The Breaking Bad industry

The Breaking Bad industry
27 May 2013

As Breaking Bad nears its end, ShortList’s David Whitehouse discovers the unlikely tourist boom keeping its legacy alive

The old lady hands over the little bag of blue crystals. “Your meth,” she says. You pay, leave, then find a quiet place to ingest. It’s a powerful high, like you knew it would be. You’re off your box on an intense sugar rush. “Have a nice day,” chirps the Albuquerque Candy Lady. This is Breaking Bad Land. TV tourism ain’t what it used to be.

Launched in 2008 as US cable network AMC’s second original drama, Breaking Bad’s cultural impact has grown and grown. Fervour for the show is frothier than an overdose, and is soon to climax as the final eight episodes screen on US TV – and you’d imagine Netflix in the UK – from 8 August. As devotees wait to find out how Walter White’s (Bryan Cranston) journey from cancer-ridden teacher to drug lord ends (horrifically, we presume), they’ve been busy. The web heaves with fan art. Walt and Jesse’s yellow boiler suits are fancy dress staples. The show’s been reimagined with murderous Lego models. The Simpsons gave over its opening titles to a Breaking Bad homage.

And now, in New Mexico where the show’s set, it has spawned an unlikely, booming industry. After all, unemployment, crystal meth and murder is usually a tough sell for a tourist board. Just ask Blackpool.

Anti-hero Worship

The Candy Lady, Debbie Ball, has sold more than 25,000 $1 bags of her blue meth candy in less than a year. Breaking Bad fandom accounts for 20 per cent of her income, though her relationship with the show stretches back further still. Her candy is used as prop meth in the first two seasons.

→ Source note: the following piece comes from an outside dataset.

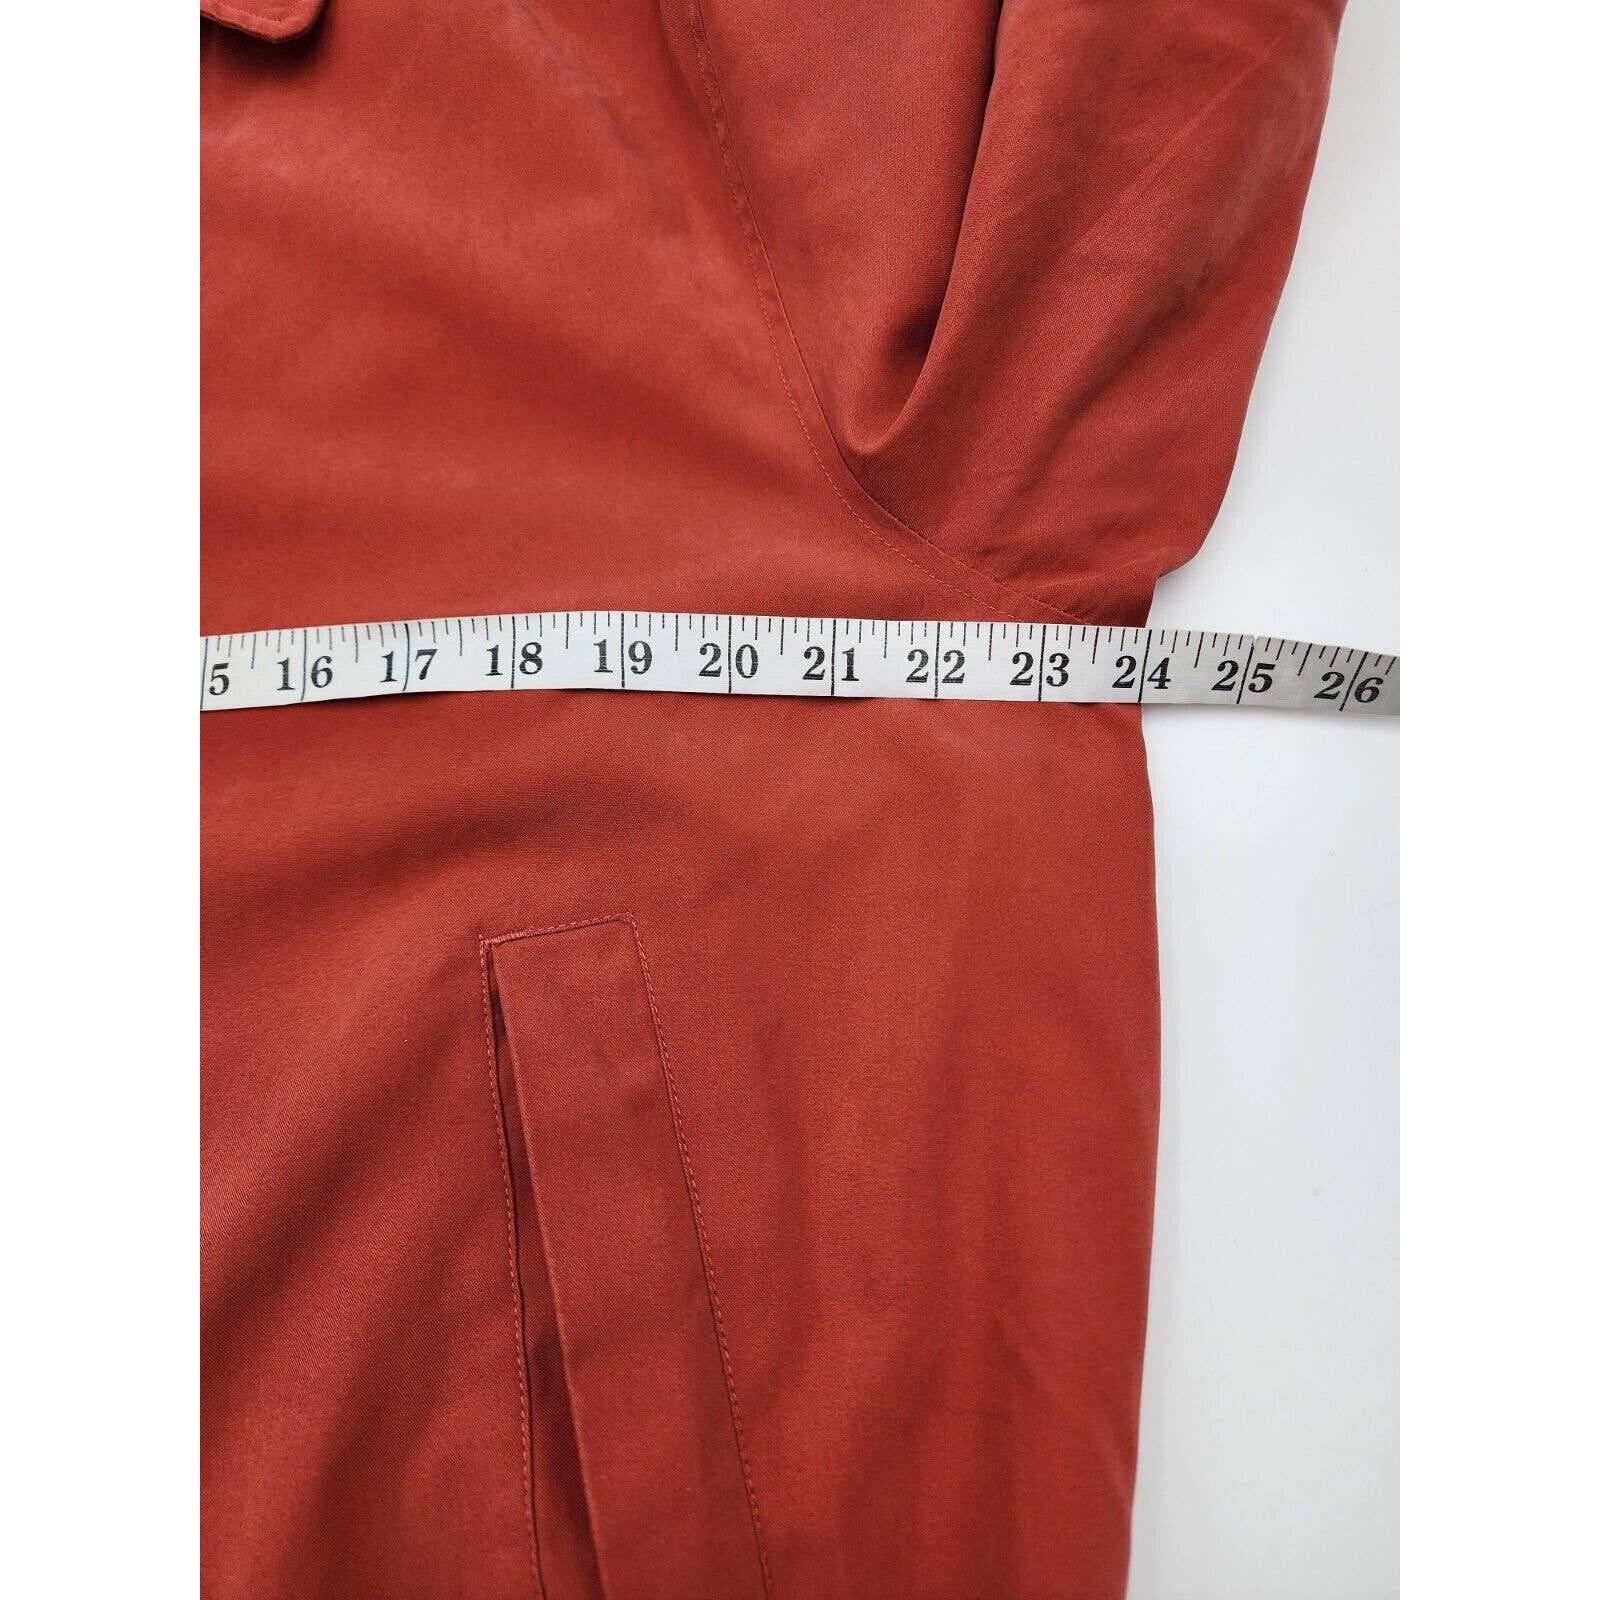 Orvis Orvis Signature Series Jacket Soft Faux Suede Burnt Orange Size US M / EU 48-50 / 2 - 13 Thumbnail
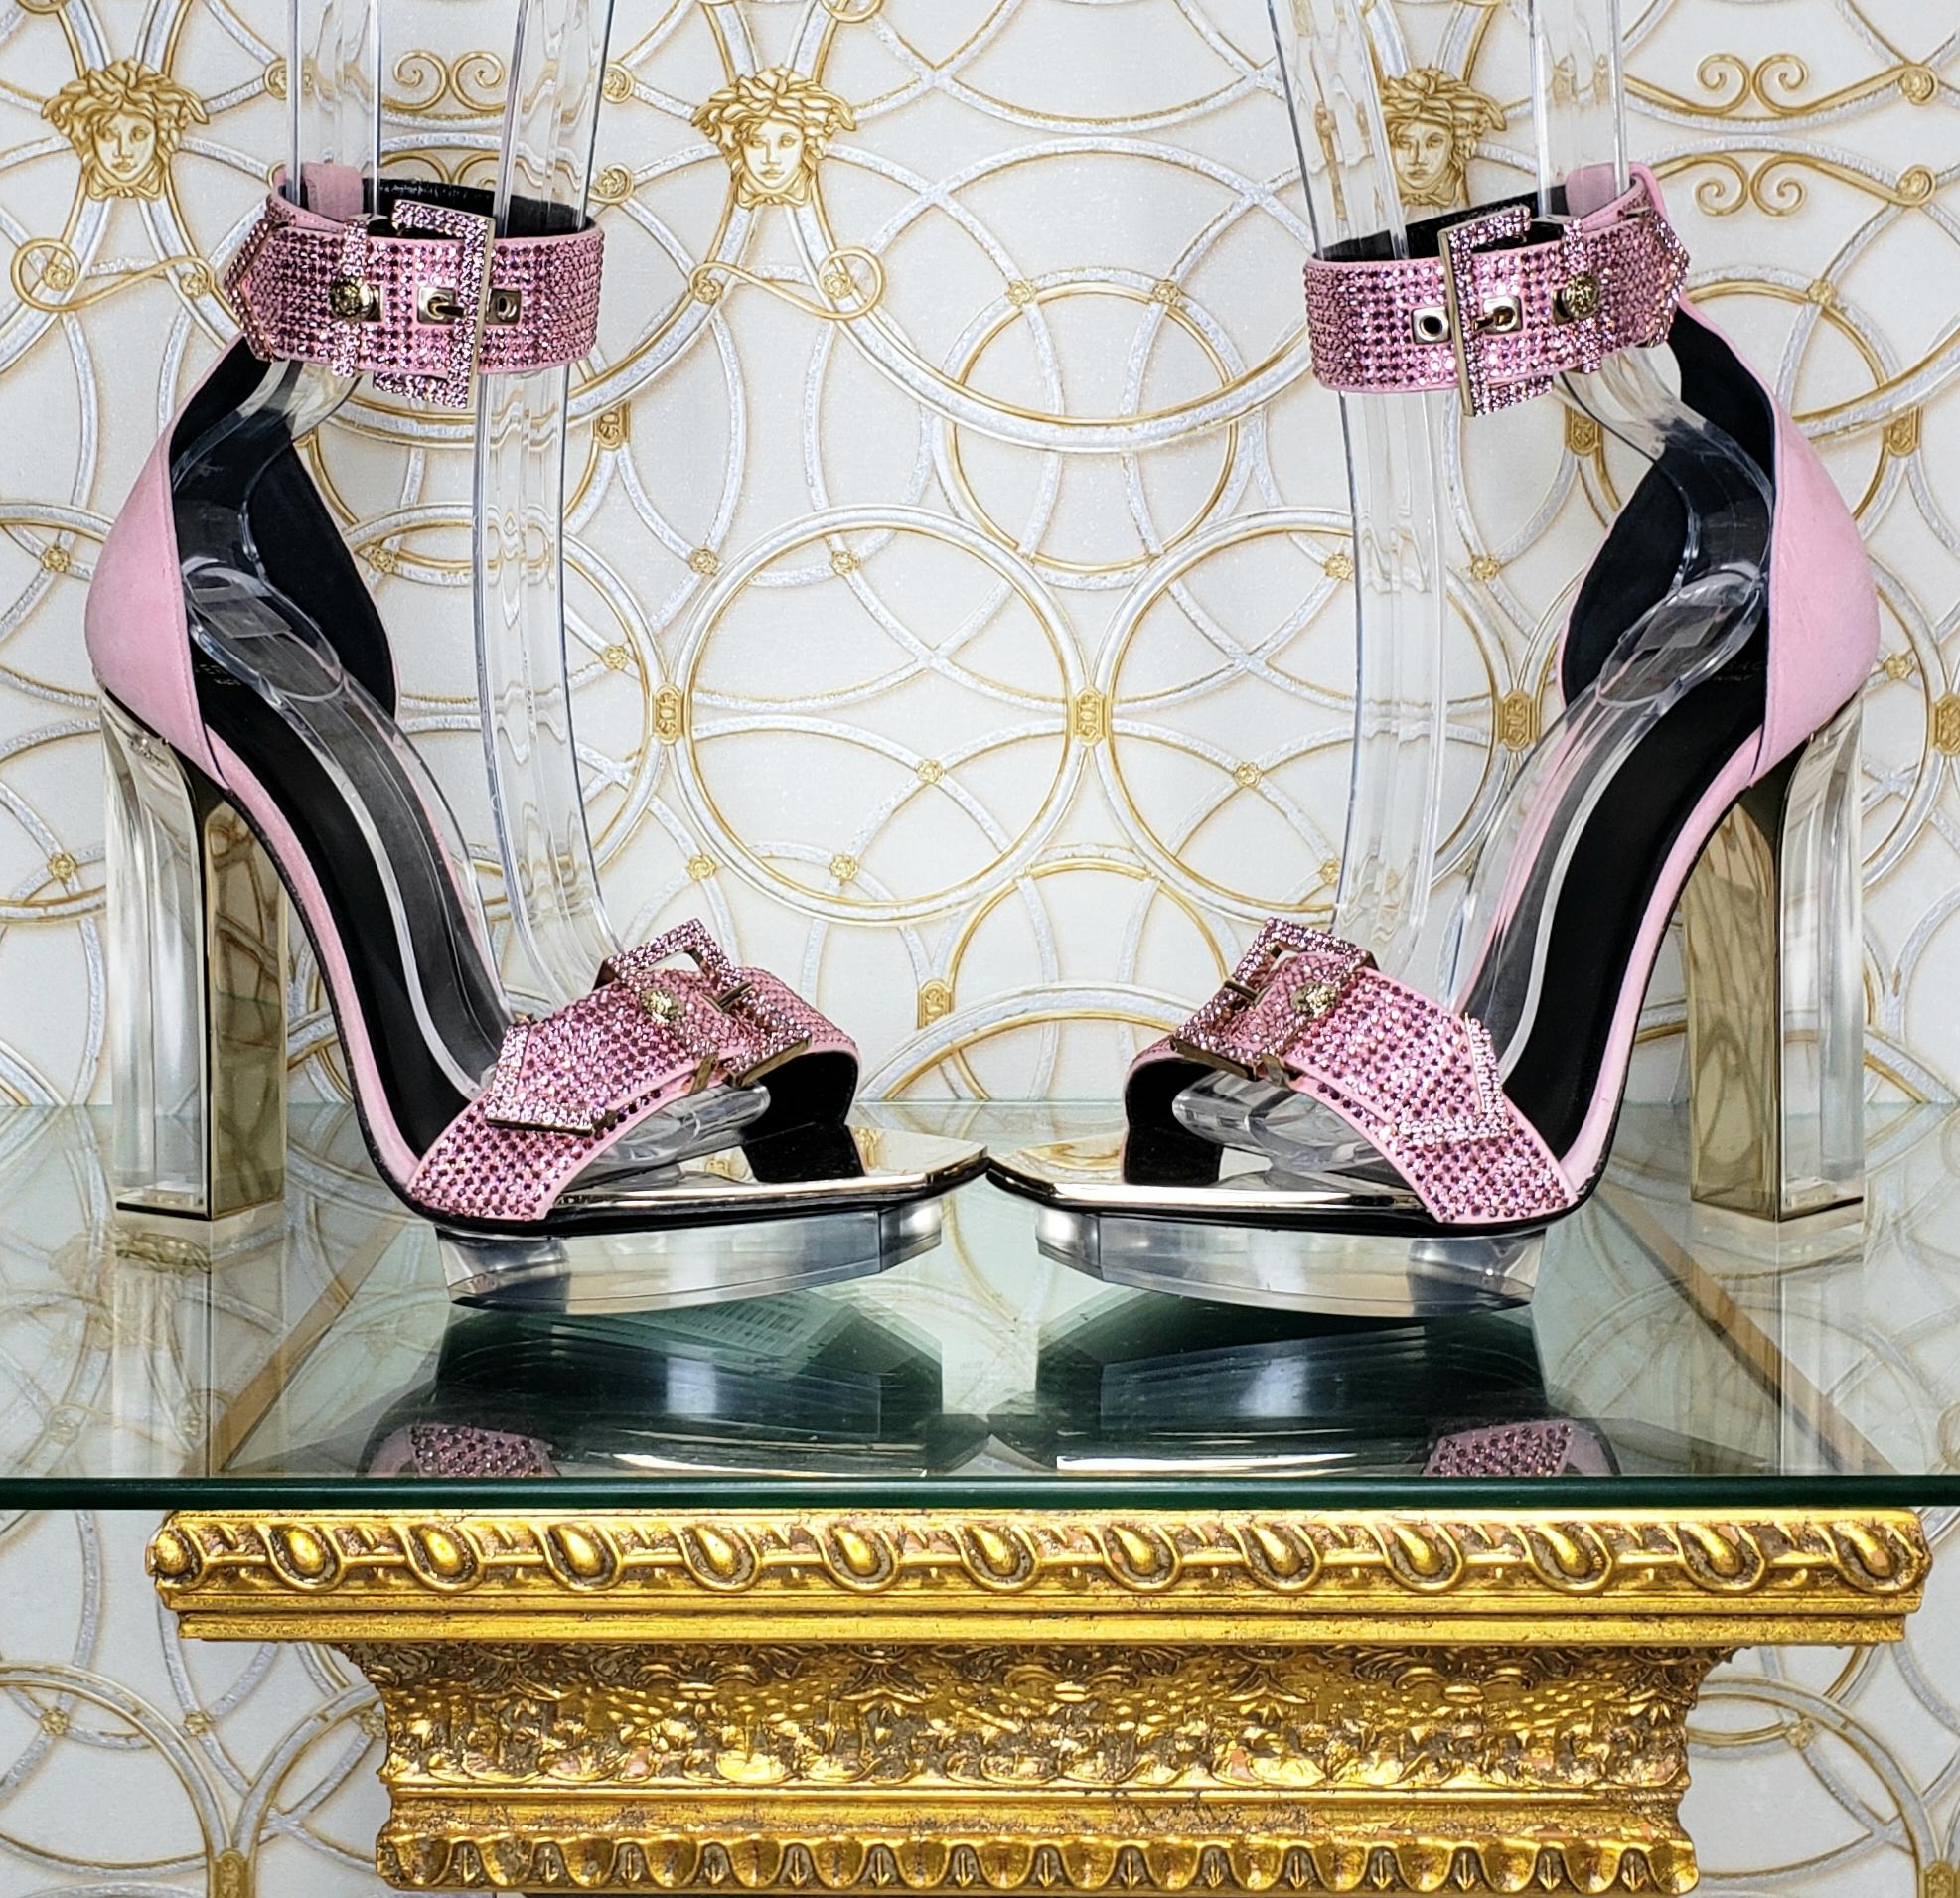 S/S 2015 look # 48 VERSACE pink crystal embellished plexiglass platform sandals 1

Now she ships it all over the world and, as you might expect, her ingenuity attracted some outrage from people who argued that drug-themed confectionary shouldn’t be sold to kids.

“But that hasn’t happened,” she says. “One hundred per cent of it has gone to Breaking Bad fans.”

She’s not the only one cooking meth while the sun shines. The Breaking Bad-themed tour of Albuquerque we’ve come for routinely sells out within minutes of reservations opening. It ferries fans to the show’s key locations. The house Jesse (Aaron Paul) lives in. Mexican kingpin Tuco’s den. The money-laundering carwash.

But ShortList’s favourite stop on the tour is chicken shop Los Pollos Hermanos, the front for Gus Fring’s drug empire which, in reality, is a New Mexico fast food chain called Twisters that doesn’t even sell chicken.

The tour culminates with a visit to Walt’s house – its owner is rumoured to have made up to $500,000 from filming. Not bad for a little disruption and a faint stain from the scene where Cranston threw a pizza on to the roof.

“Apparently,” grins the tour guide, “the guy who owns the place goes out to pick up his paper some days, and has to remove a giant pizza a fan has thrown up there.”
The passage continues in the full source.